Her father’s actions reflected the sexist and anti-rural discriminatory attitudes of that time, which motivated Beth to study feminism and social justice issues and to work for the rights of rural women like her grandmother.

In college, she studied agronomy and encountered student movements and the Ecological Agronomy Group, which fueled her interest in effecting social change. She later studied gender and agroecology issues for her Master's degree in Spain, and is currently pursuing a doctorate in natural resources and sustainable management.

After college, she worked at FASE, one of Brazil’s main community-based organizations, and participated in the National Seminar on Gender and Family Farming. Her time at FASE coincided with the beginning of a national debate on gender and family farming in Brazil.

At the turn of the century, Beth joined the Center for Alternative Technologies (CTA), working on capacity building, political advocacy, and self-organization of women’s agricultural networks.

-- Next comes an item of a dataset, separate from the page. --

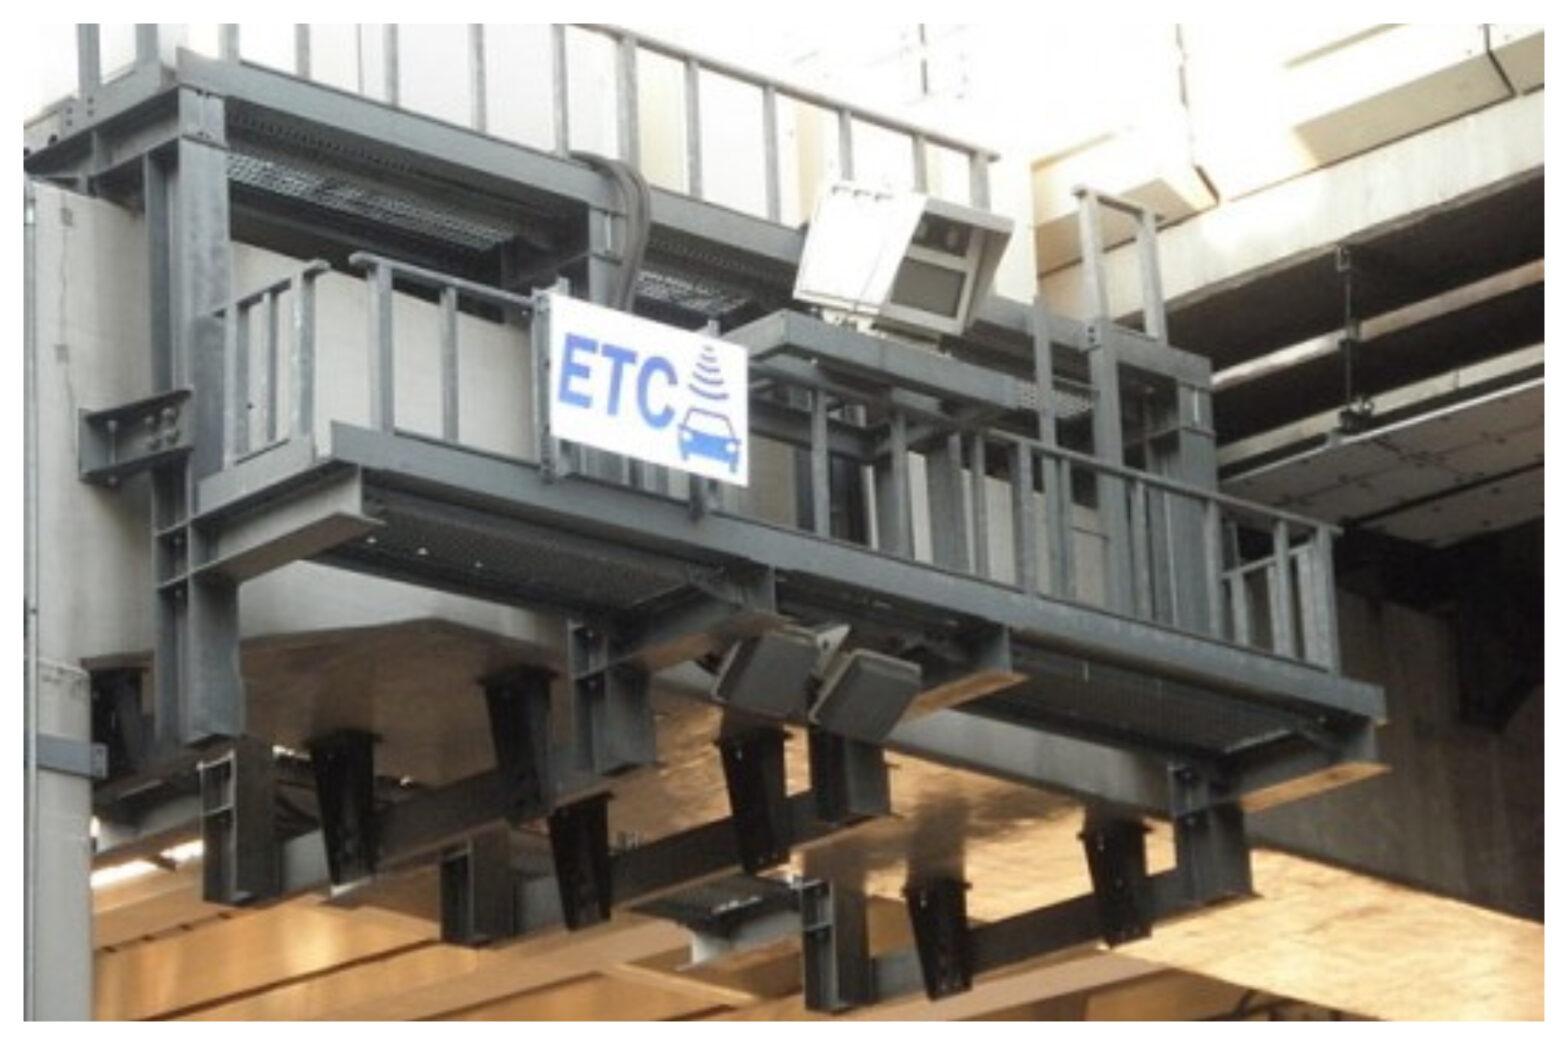 ETC2.0とは?メリットやデメリットから利用方法・割引・ドライブスルーでの利用まで徹底解説

She became CTA coordinator in 2003. It was at CTA that she developed her methodology for registering previously unrecognized contributions of rural women.

The following year, she co-created the Gender and Agroecology Seminar, leading to the establishment of the Women's Working Group of the Agroecology National Articulation, a network of state and regional groups across Brazil through which she spread early versions of her methodology.

Beth was inspired to look for her mother after she worked so closely with rural women farmers on gender inequity in communities much like where her mother grew up. She found her mother in 2005 and lived with her until her death in 2011. Beth’s work is dedicated to the lives of rural women who share her mother’s story of loss, discrimination, and resilience.